Assignment:
Word for word, copy the data that follows and skip its pictures.

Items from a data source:

--

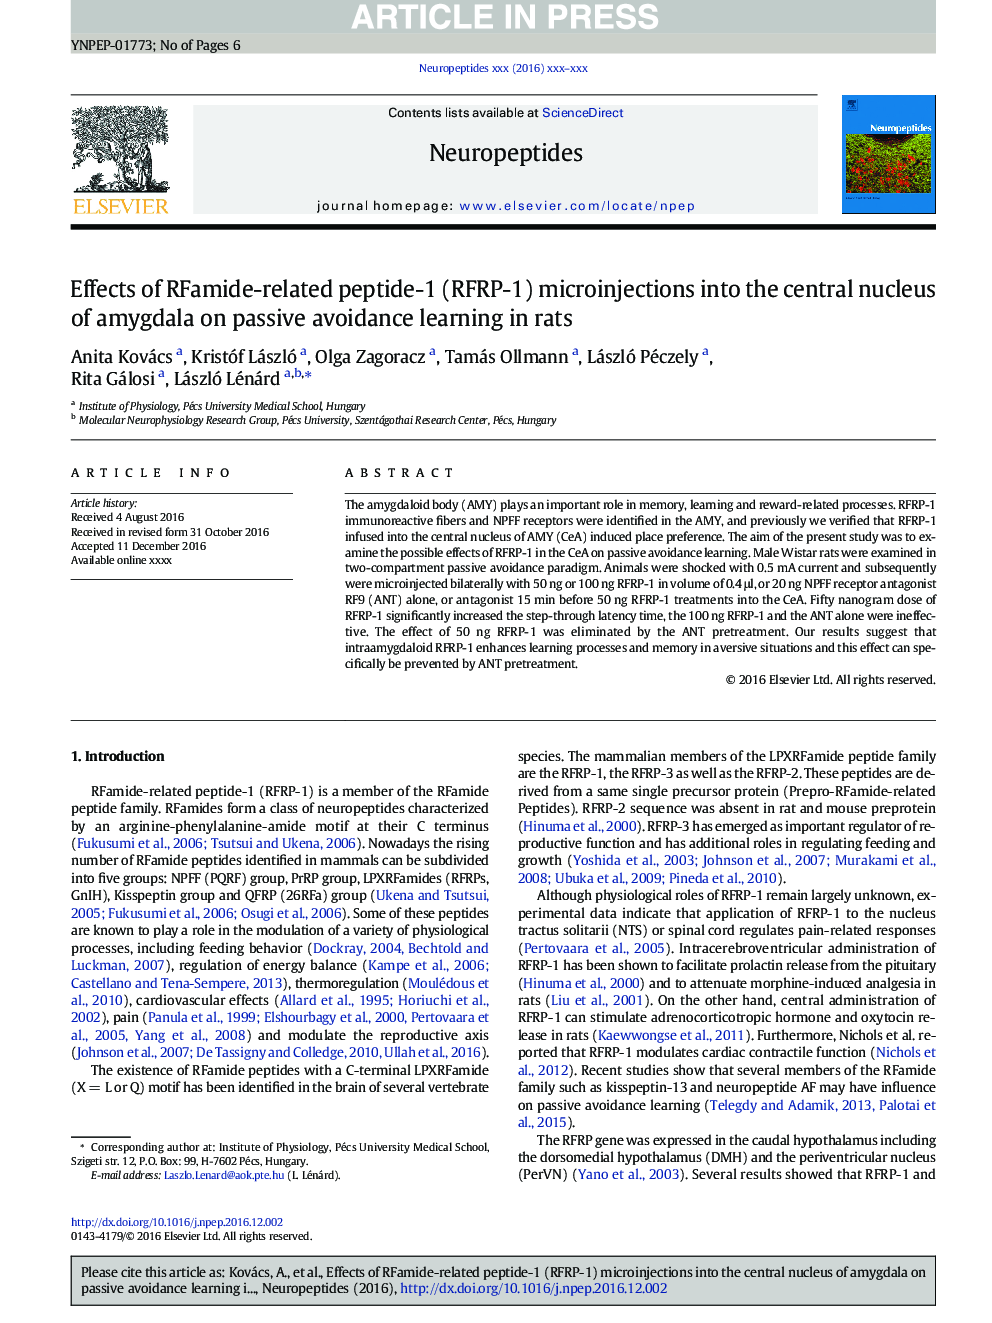 Effects of RFamide-related peptide-1 (RFRP-1) microinjections into the central nucleus of amygdala on passive avoidance learning in rats
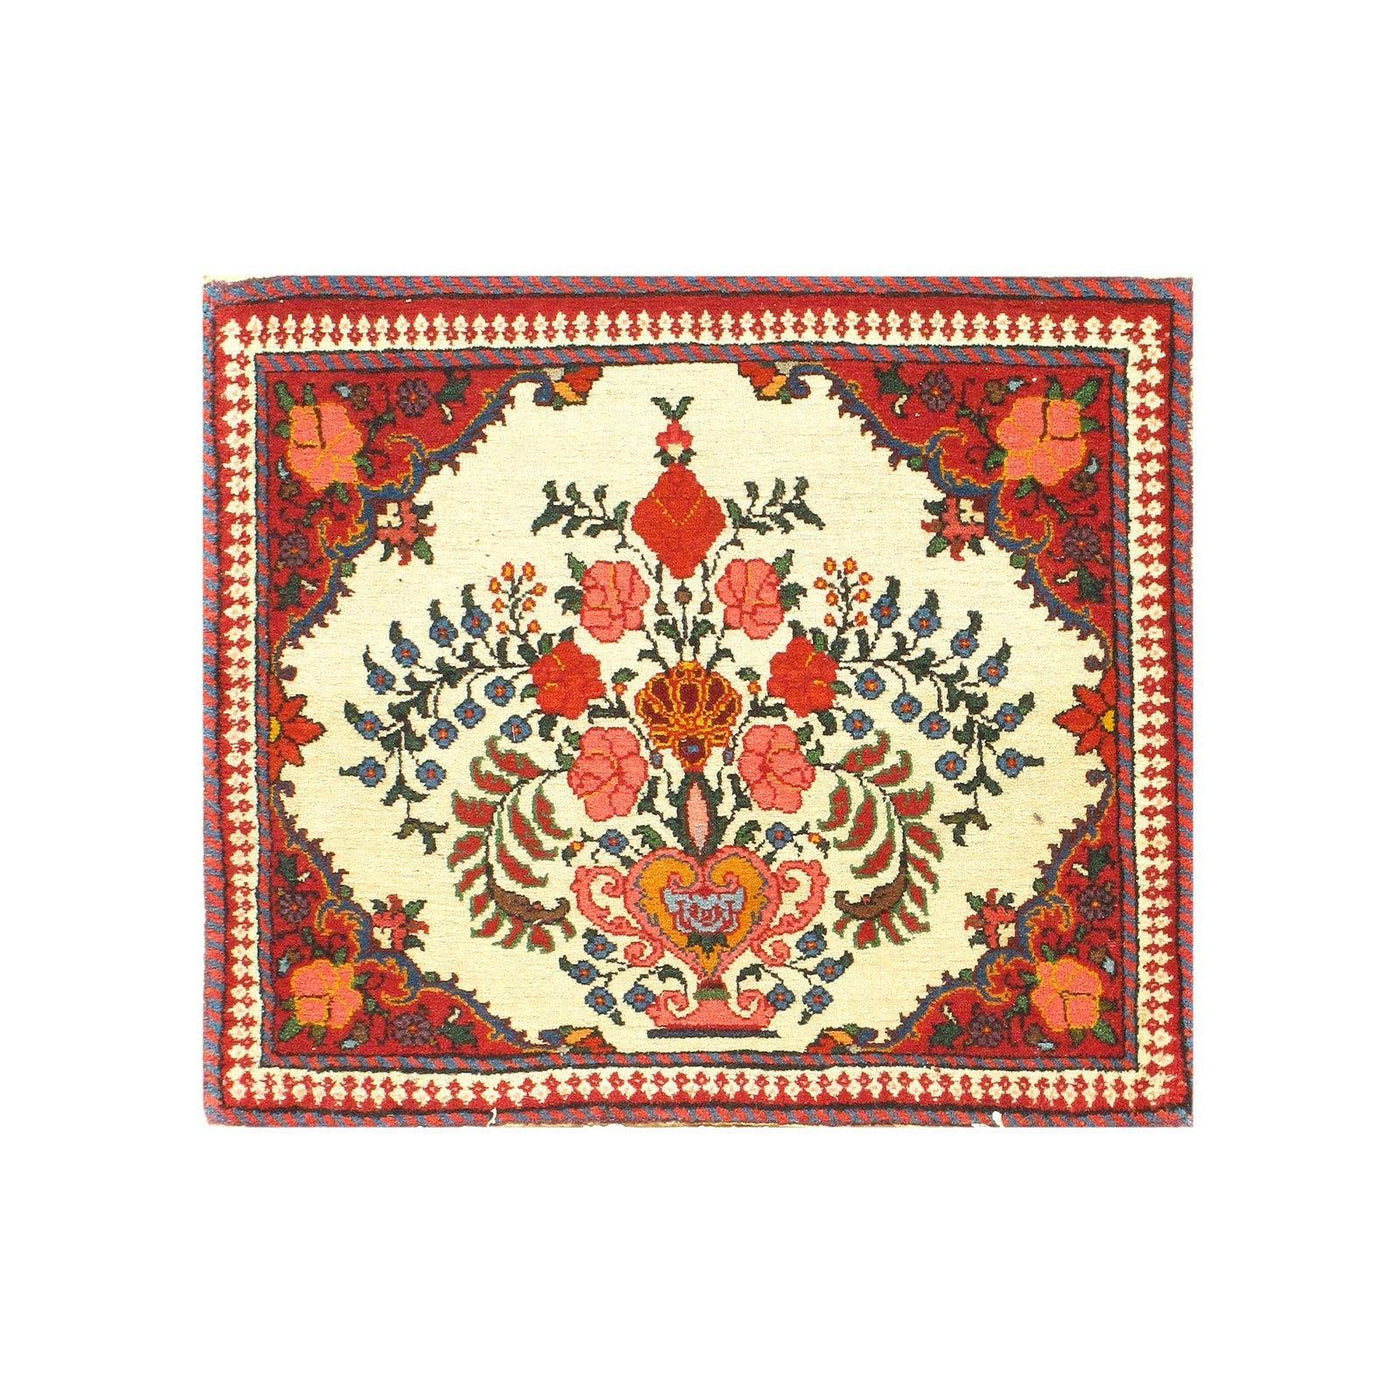 Canvello Persian Bakhtiari Small Rugs For Bedroom - 2' x 2'4"
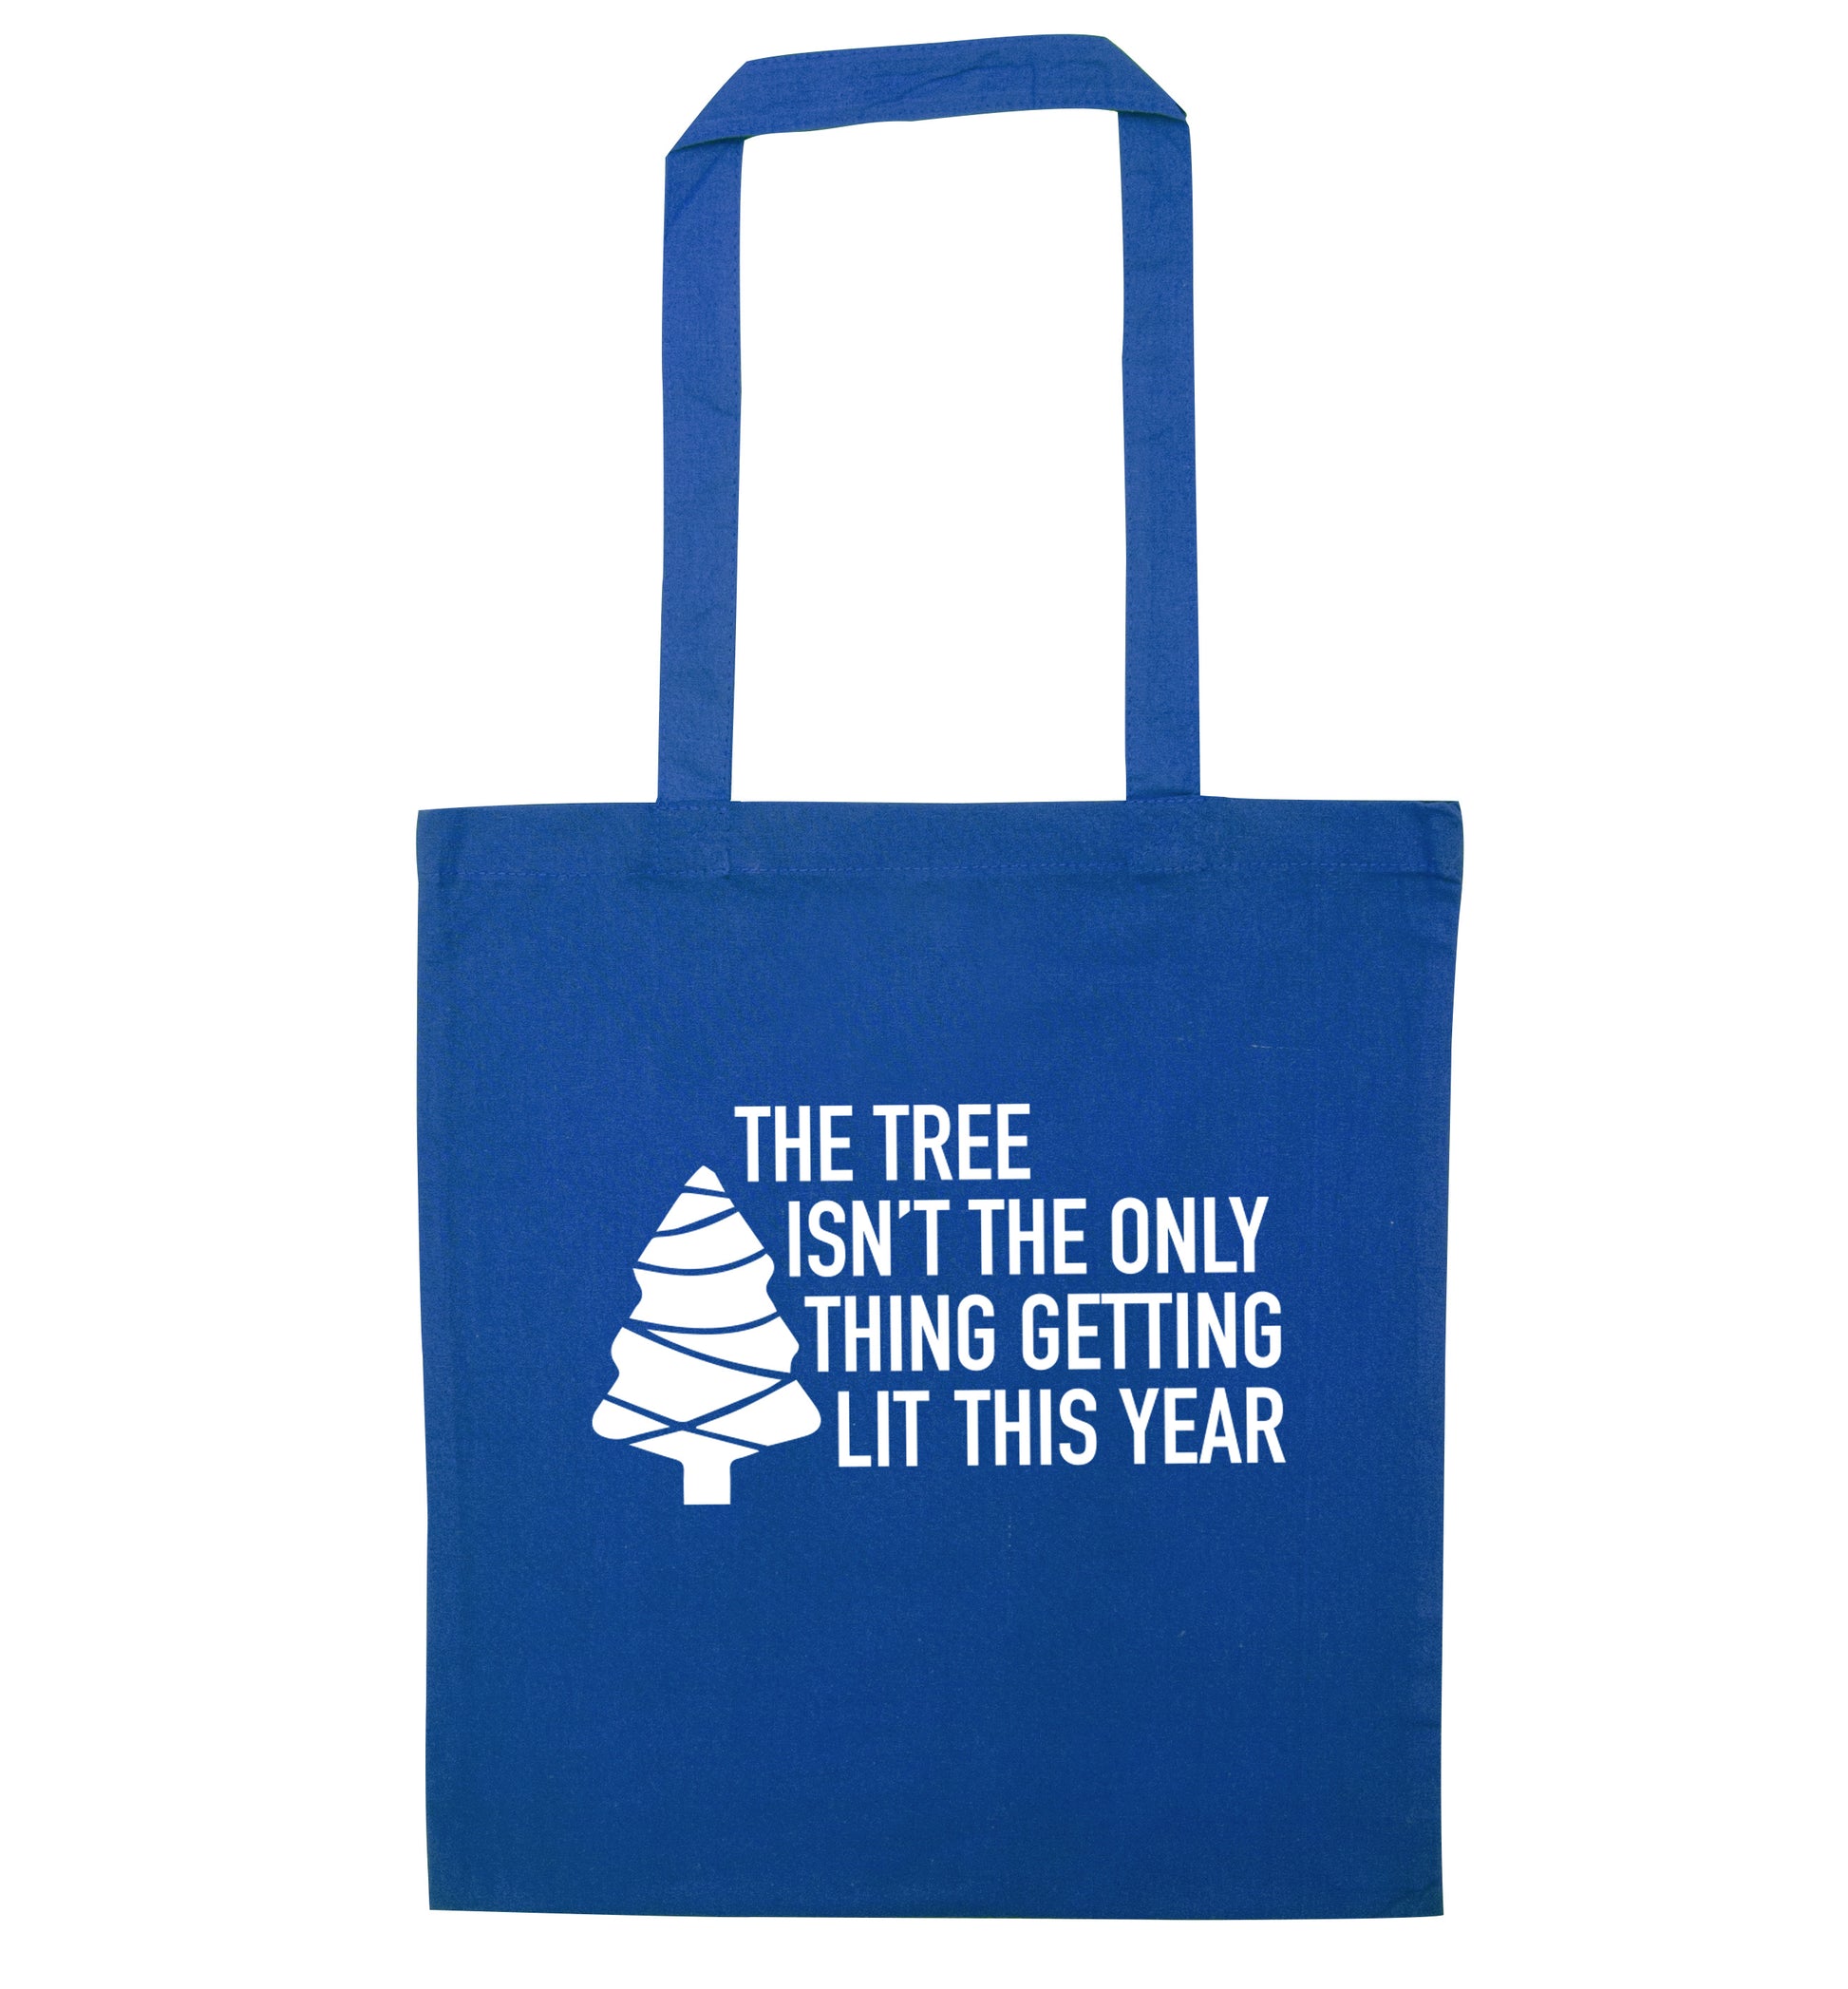 The tree isn't the only thing getting lit this year blue tote bag
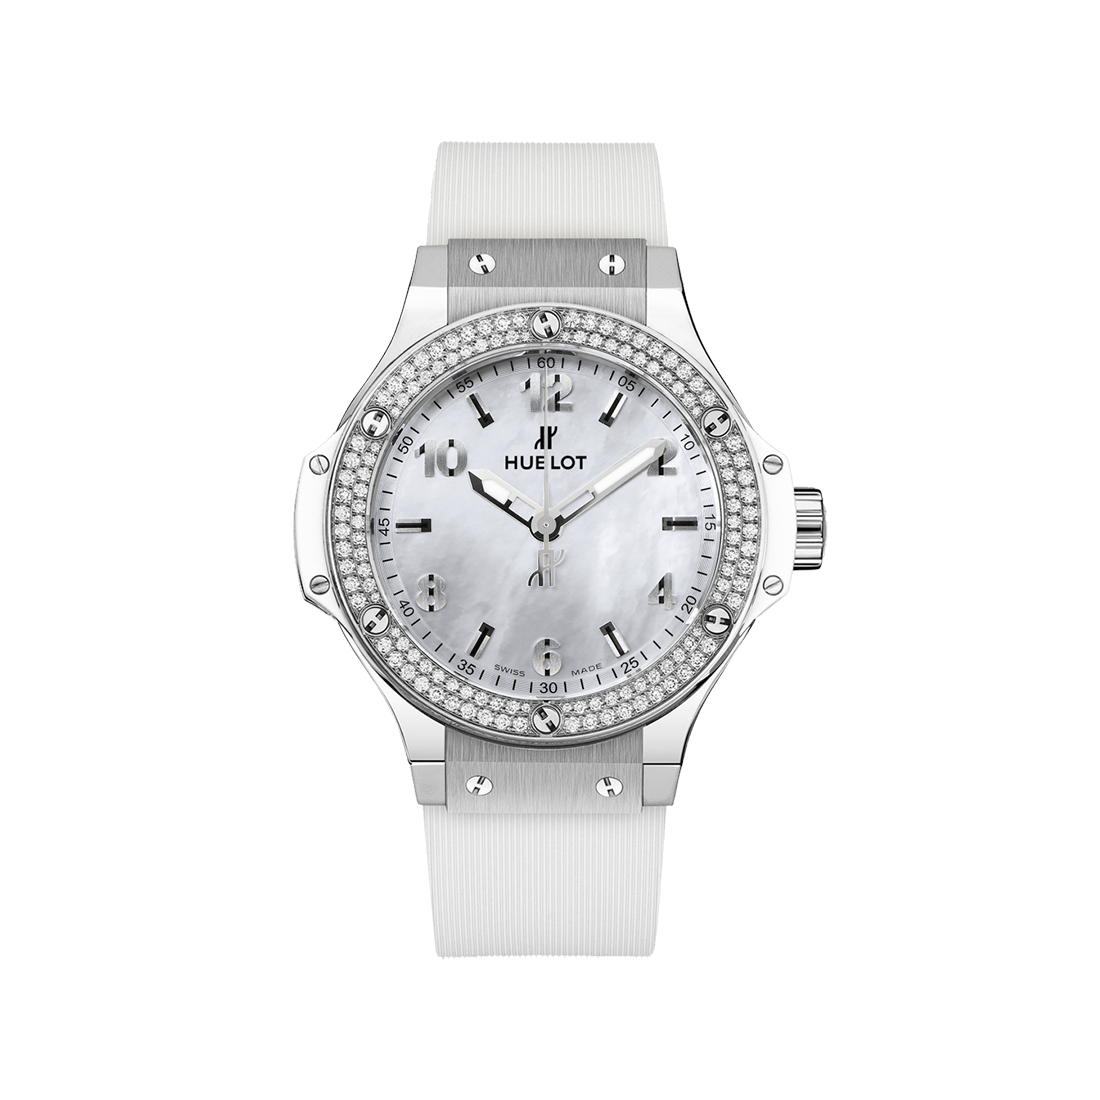 Big Bang All White Diamond Mother of Pearl 38mm (Japan Only)
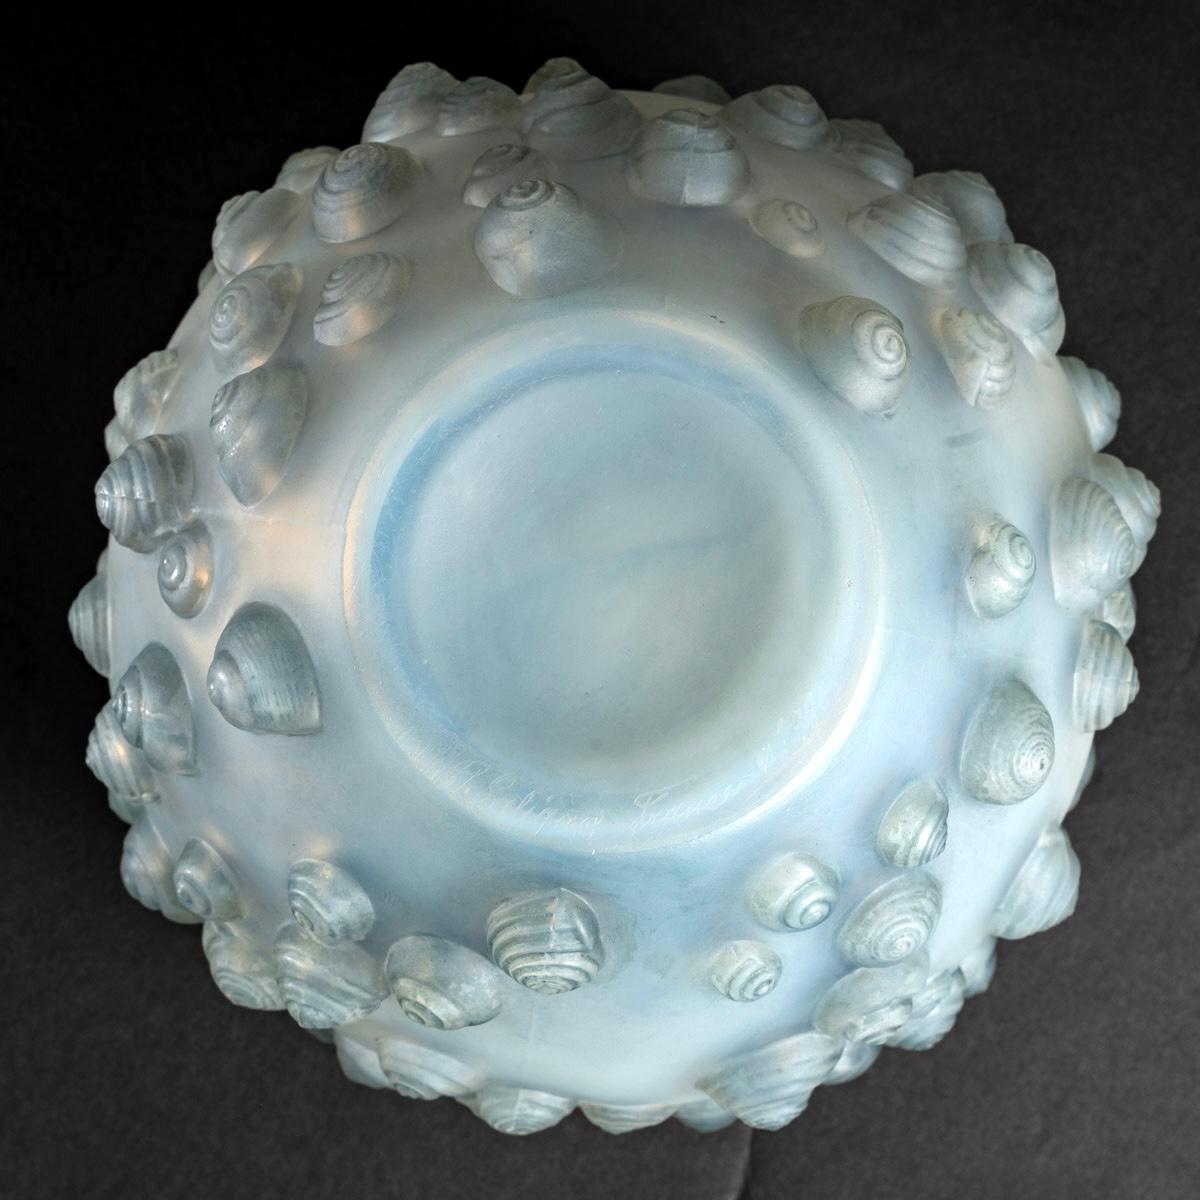 Molded 1926 René Lalique - Vase Palissy Double Cased Opalescent Glass with Blue Patina

--

Result of this task:
 Effects of RFamide-related peptide-1 (RFRP-1) microinjections into the central nucleus of amygdala on passive avoidance learning in rats
 Canvello Persian Bakhtiari Small Rugs For Bedroom - 2' x 2'4"
 The tree isn't the only thing getting lit this year blue tote bag
 Big Bang All White Diamond Mother of Pearl 38mm (Japan Only)
 Molded 1926 René Lalique - Vase Palissy Double Cased Opalescent Glass with Blue Patina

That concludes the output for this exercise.